When adding hints to the diner scene which later became elements of Dot's dream, Shih says, “I think we erred on the side of putting in too much and probably shot a lot more than we needed to. Some things were probably cut out because it’s a fine balance. We want the audience to be able to, by the end of the episode, be like, ‘Oh yeah, it was a dream, and that makes sense.’ But we didn’t want them to feel it on the first watch.”

==Reception==
===Viewers===
In its original American broadcast, "Linda" was seen by an estimated 0.576 million household viewers and gained a 0.08 ratings share among adults aged 18–49, according to Nielsen Media Research. This means that 0.08 percent of all households with televisions watched the episode.

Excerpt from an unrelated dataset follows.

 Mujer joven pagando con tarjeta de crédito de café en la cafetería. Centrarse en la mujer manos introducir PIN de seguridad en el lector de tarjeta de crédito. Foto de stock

This was a 14% increase in viewership from the previous episode, which was watched by 0.457 million viewers with a 0.07 in the 18-49 demographics.

===Critical reviews===
"Linda" received extremely positive reviews from critics. Tom Philip of The A.V. Club gave the episode an "A–" grade and wrote, "Rewatching the episode, the clues are everywhere. But such a rote, cynical twist feels like the point here. Camp Utopia was just that, and whether there's a real log cabin in the woods somewhere housing dozens of Lindas is beside the point. Dot's finally been able to tell her story and finally equipped herself to receive it. That's surely victory enough? No."

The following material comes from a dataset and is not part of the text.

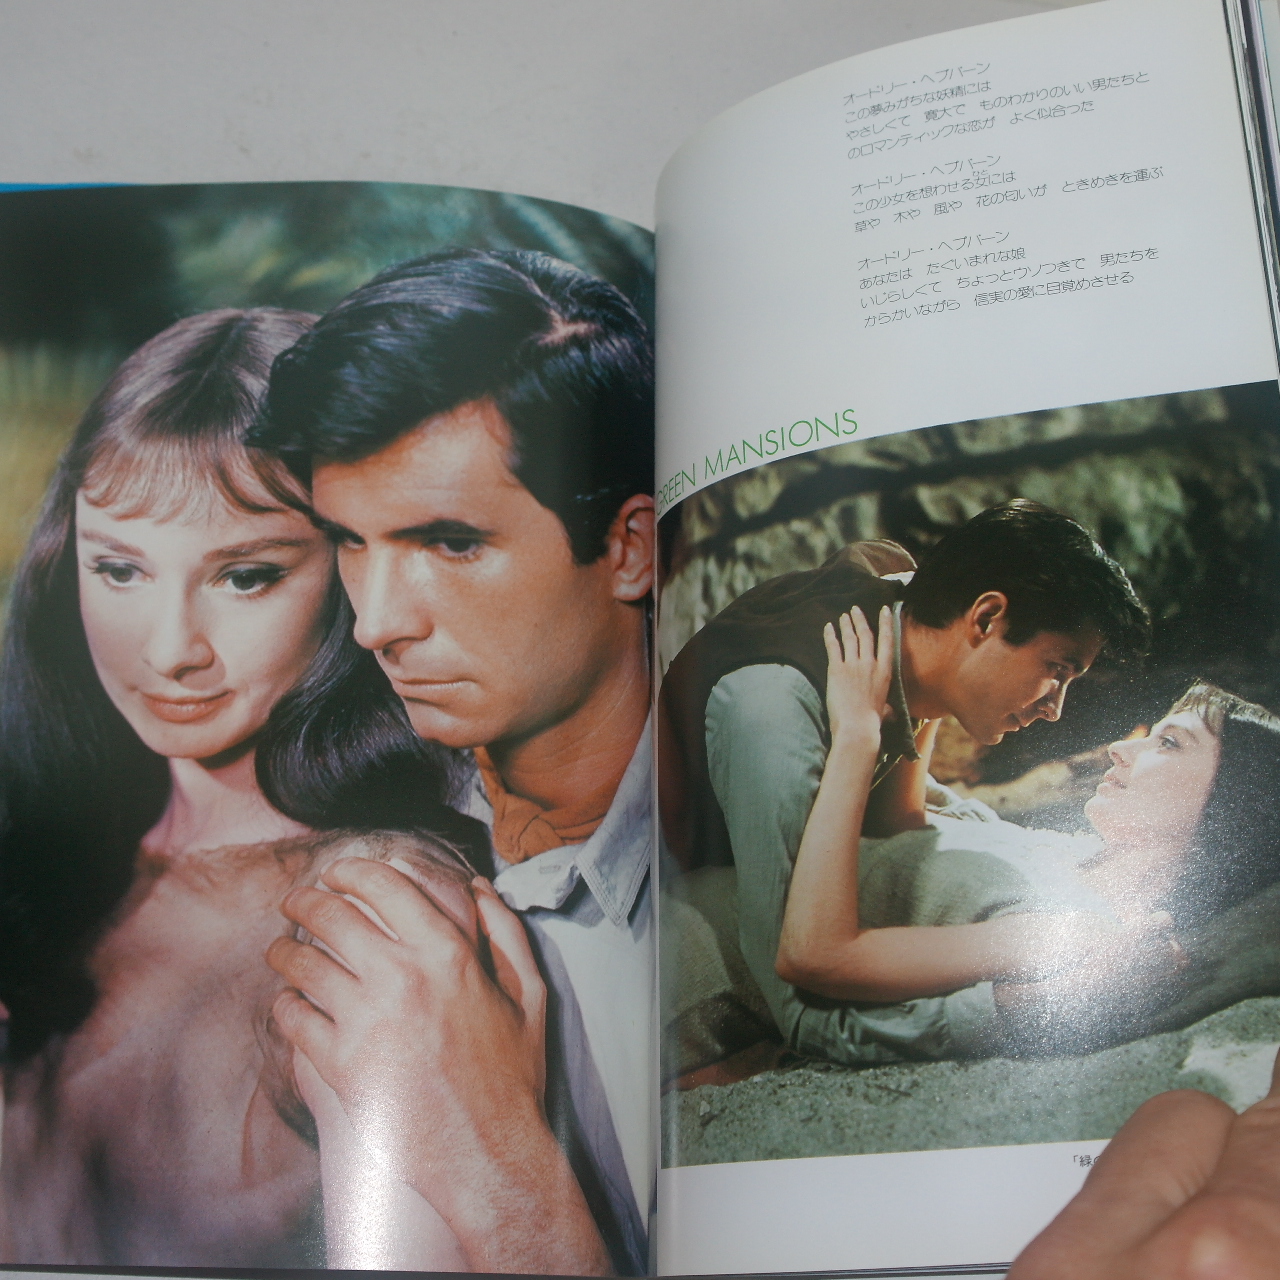 1993년 오드리햅번(Audrey Hepburn) 칼라화보집 결정판 1책

Alan Sepinwall wrote, "On the one hand, it's a powerful and deliberately odd look at the psychological wounds from abuse that linger long after the physical injuries have healed, and it's probably Juno Temple's best showcase of the season so far. On the other, the episode's conclusion seems to reveal that the entire thing was a daydream Dot had while sitting at a roadside diner. And I believe that the bar has to be very high to justify an episode going, 'It was all a dream!' The emotional catharsis was still real in Dot's head, but it doesn't appear that she ever saw Linda, much less convinced her to speak to the authorities with her. So I didn't love that." Keith Phipps of Vulture gave the episode a 4 star rating out of 5 and wrote, "After a string of action- and incident-packed episodes, 'Linda' slows down the pace while raising the stakes."

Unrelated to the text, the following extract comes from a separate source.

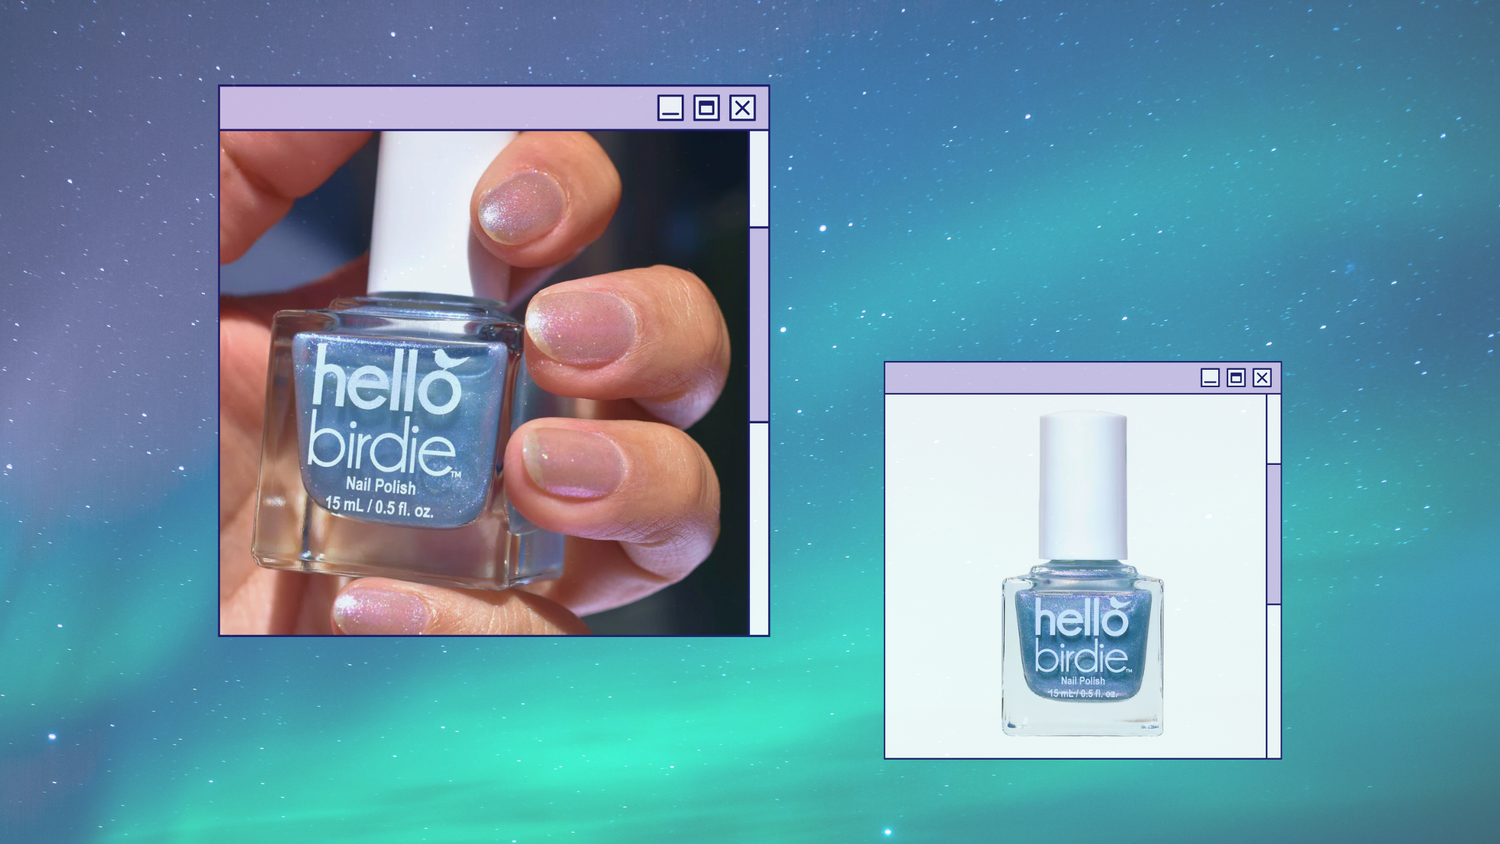 Two pastel program windows with images of Hello Birdie nail polish, on an aurora borealis background

Scott Tobias of The New York Times wrote, "Now in the homestretch of the new season, Hawley returns to Oz again with an extended fantasy sequence that addresses Dot's back story more deftly than a standard monologue or flashback ever could. It's also a subtler homage than running a tornado through Kansas in black-and-white." Sean T. Collins of Decider wrote, "The Coen Brothers can be unsparing as hell when they want to, and there are cases throughout their filmography where people who deserve to live don't. That's been mostly, though not entirely, untrue of Hawley's version of things. I suppose both we and Dot are going to find out soon enough."